Hangary Lotniska Rakowice-Czyżyny były jednym z największych tego typu budowli na świecie. Tego typu budowli, w 20-latach XX wieku, nawet w USA nie wznoszono. Jeszcze dzisiaj wzbudzają one zaciekawienie inżynierów. Podziwia się wykonanie nowoczesnego, lekkiego dachu, zawieszonego na trzech lub dwóch 60 metrowych stalowych przęsłach. Technologię wykonania tego typu dachu opracowało Górnośląskie Towarzystwo Przemysłowe. Dach był montowany na ziemi i przy pomocy wyciągarek podwieszany pod przęsłami. W Polsce zbudowano około 30 tego typu hangarów.
W dwudziestoleciu międzywojennem w Rzeczypospolitej zbudowano około 100 nowoczesnych hangarów, kryjąc pod dachem około 10 hektarów terenu. Ale były także głosy krytyczne, które wskazywały, że te hangary są objawem megalomanii, rozrzutności i nieuzasadnionego luksusu biednego kraju. Jednak dla większości to symbol dumy i prestiżu Rzeczypospolitej. Nikt wówczas nie mógł przypuszczać, że niemcy i rosjanie już za kilkanaście lat rozpoczną kolejną pożogę wojenną.

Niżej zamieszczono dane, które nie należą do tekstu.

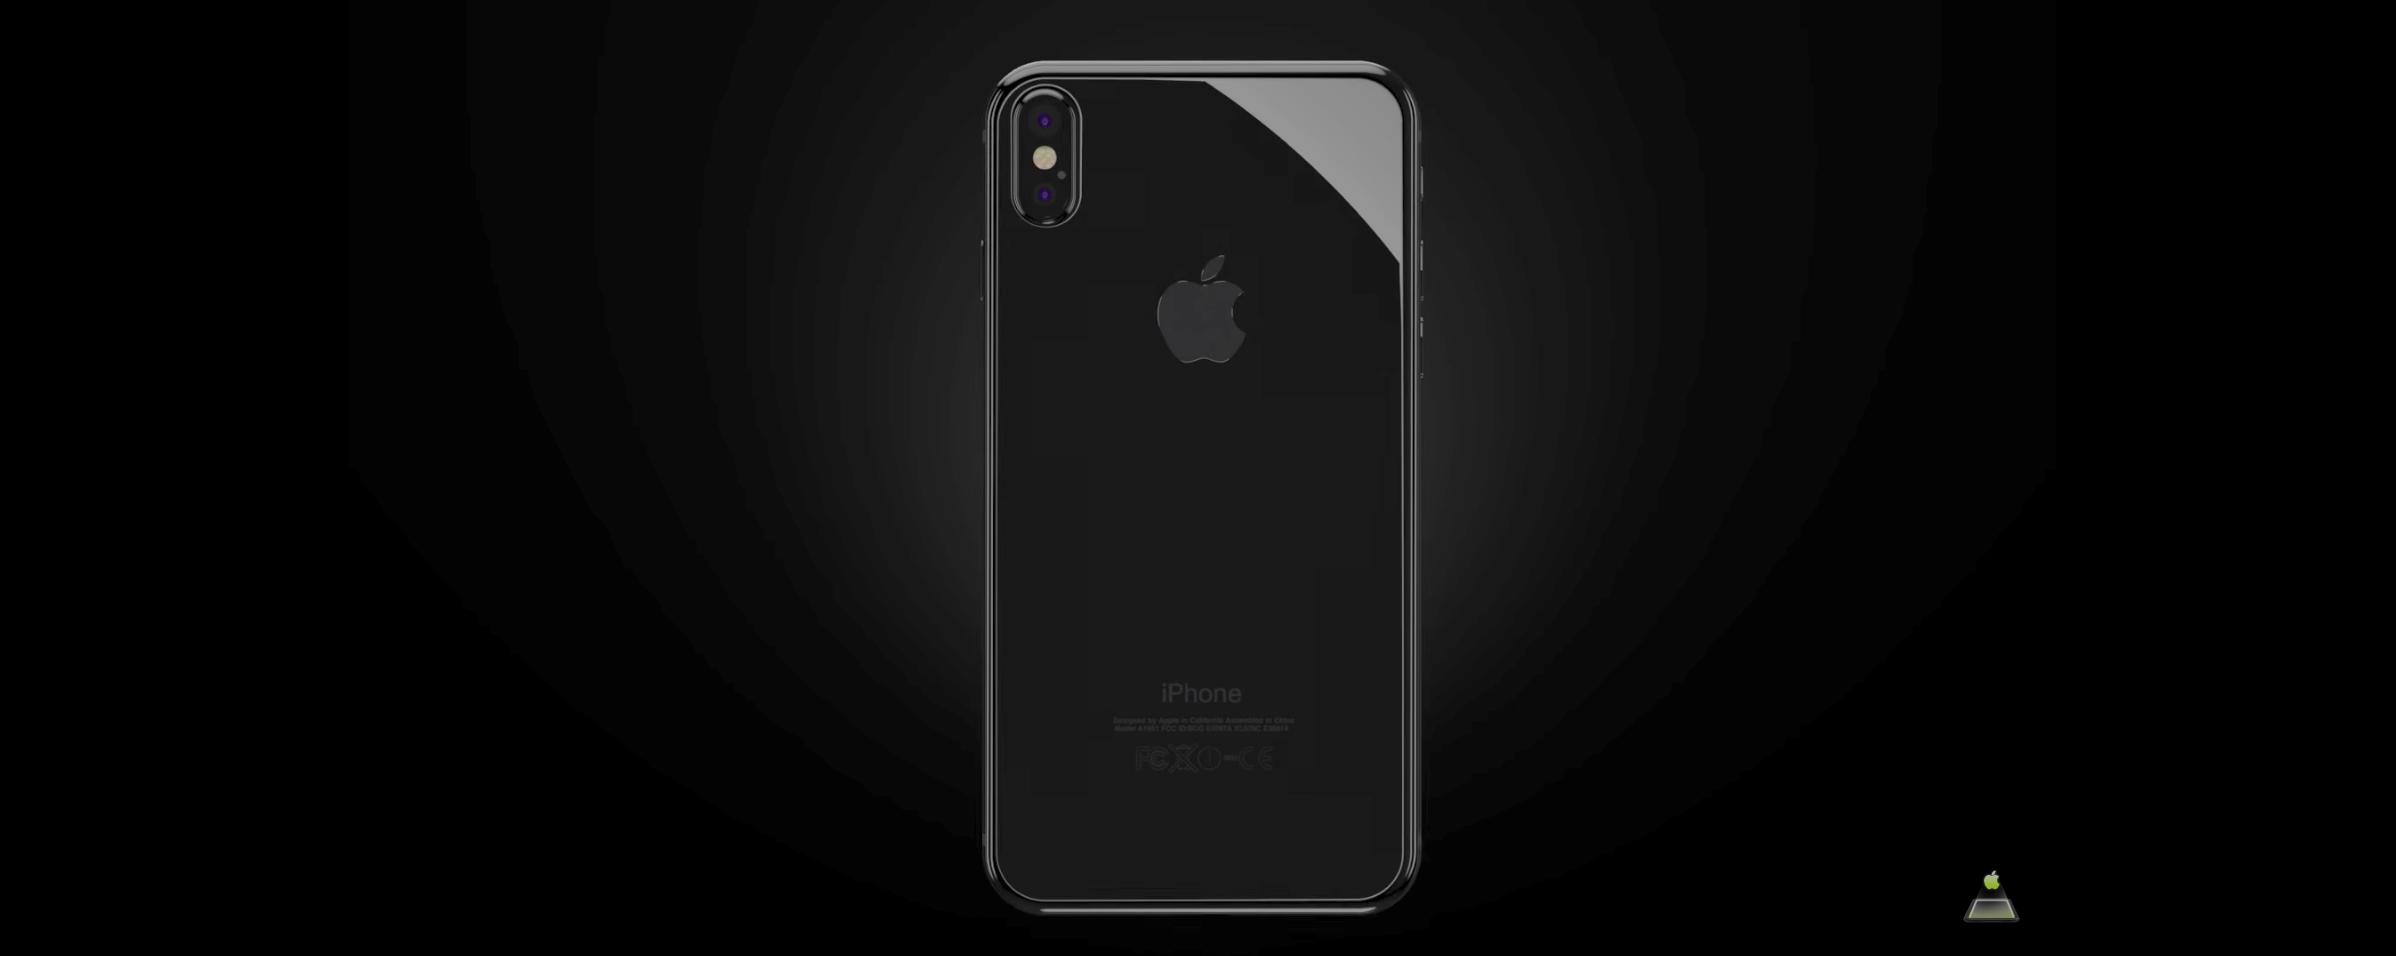 iPhone X, iPhone 8, iPhone 8 Plus: i veri nomi rivelati dal firmware di iOS

Inne hangary na Lotnisku Rakowice-Czyżyny
Na Lotnisku Rakowice-Czyżyny własne hangary miał także Aeroklub Krakowski. Były to dwa hangary metalowo-drewniane kształtem przypominające hangar Bessonneau, ale dużo większe. Aeroklub odziedziczył po wojsku także dwa hangary Bessonneau. Wszystkie cztery hangary stały rzędem w północnej części pola wzlotów, obok dworca lotniczego.
Przez całe dwudziestolecie międzywojenne Lotnisko Rakowice-Czyżyny intensywnie rozbudowywano. W 1939 roku było ono drugim, po Lotnisku Okęcie, lotniskiem w Rzeczypospolitej.